The field of management accounting deals with aids which is important for management and performance of control function. Managers use accounting information to get better decision. It devises planning as well as performance management systems and also it creates expertise in financial reporting. In this report there will be some essential requirements regarding management accounting, several methods which are used for evaluating management accounting, some mathematical terms regarding managerial accounting and planning tools. This report will also provide the use of different planning tools of budgetary control. A case study will also solved through monitoring and controlling finances for a new product in the market.

Management Accounting and the essential requirements of various types of managerial accounting systems

As Mr. Zang has little information and understanding about accounting and finance it is mandatory to explain those terms which are related to management accounting.

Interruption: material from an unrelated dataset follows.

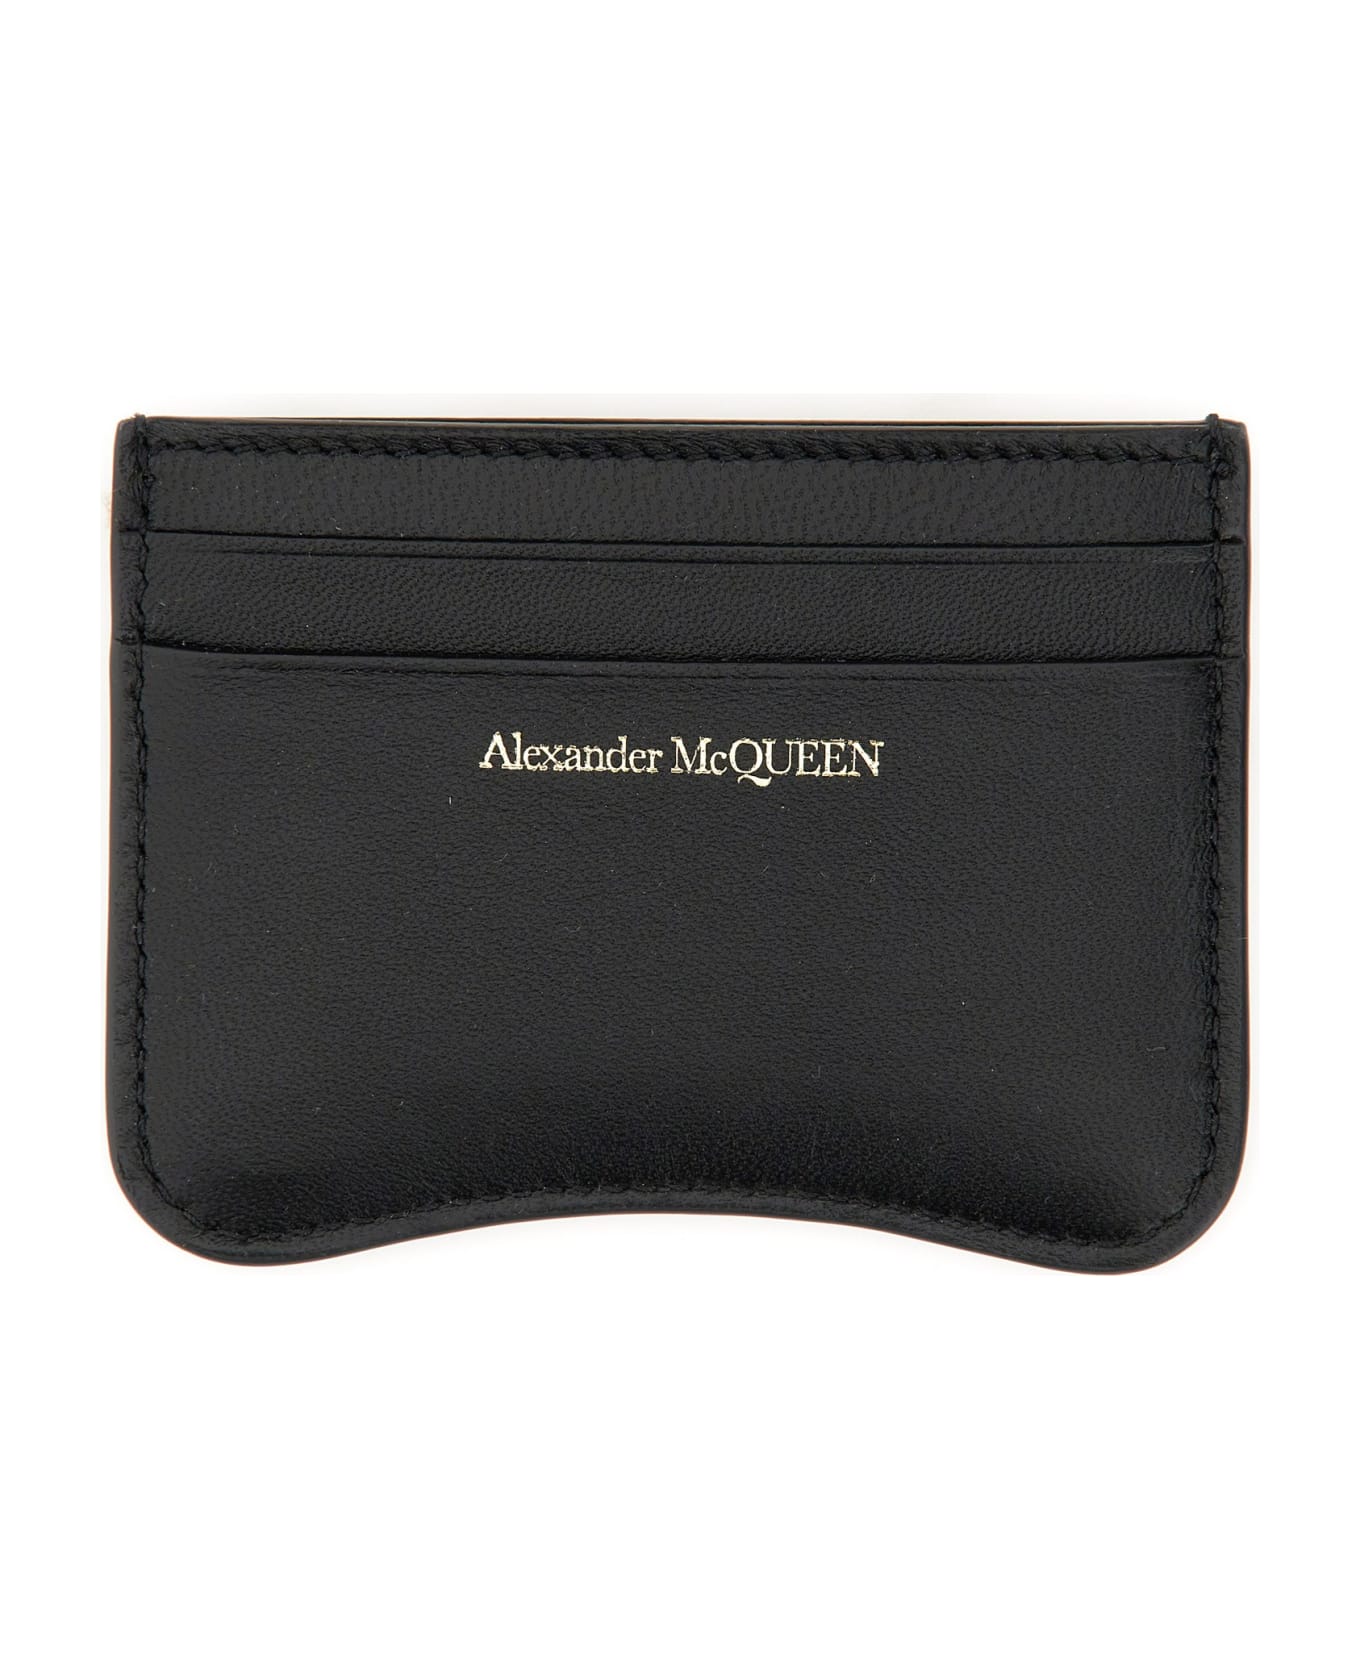 Alexander McQueen The Seal Card Case - NERO

Management accounting is all about the procedures and process which involves in creating documents and reporting about the aids in the decision making process. By the help of management accounting managers can measure the probability of success and failure of the organization. Cost cutting is also included in the goal of management accounting.

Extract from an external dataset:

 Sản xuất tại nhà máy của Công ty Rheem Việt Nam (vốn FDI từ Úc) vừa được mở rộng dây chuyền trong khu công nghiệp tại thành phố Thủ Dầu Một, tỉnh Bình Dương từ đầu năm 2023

There are differences between management accounting and financial accounting. Management accounting acts for internal purposes where financial accounting is used for external uses also. Specific projects, Departments and processes are included within the field of management accounting. Where financial reports help investors in case of making investment decisions, management accounting helps the managers to improve their business (Mohammad,2016).

Management accounting don’t have headache about following protocols like GAAP. But financial accounting need to follow it. Management accounting has to look for transactions like inventory turn reports, work efficiency reports and account receivables.

Management accounting has many topics regarding cost accounting. Management accounting is quite important for an organization (Vanderbeck,and Mitchell,2016).

Importance of Management accounting:

  • It helps to forecast the future condition of the organization. It protects the organization from risky investments and helps to find out critical questions regarding the trends of business.
  • It is important to make buying decisions. It serves both the strategic and operational level to take decisions.
  • Management accounting provides effective way of management control. Different techniques and tools of it help the management to plan and control activities of the business.
  • Management accounting provides better services toward customers. The cost control system of management accounting can help to minimize the price of products.
  • It determine the aim of the business and find out the easiest way to reach the goal.
  • Management accounting helps to take easy judgment. It decides which plan or policy is the most suitable one for the business.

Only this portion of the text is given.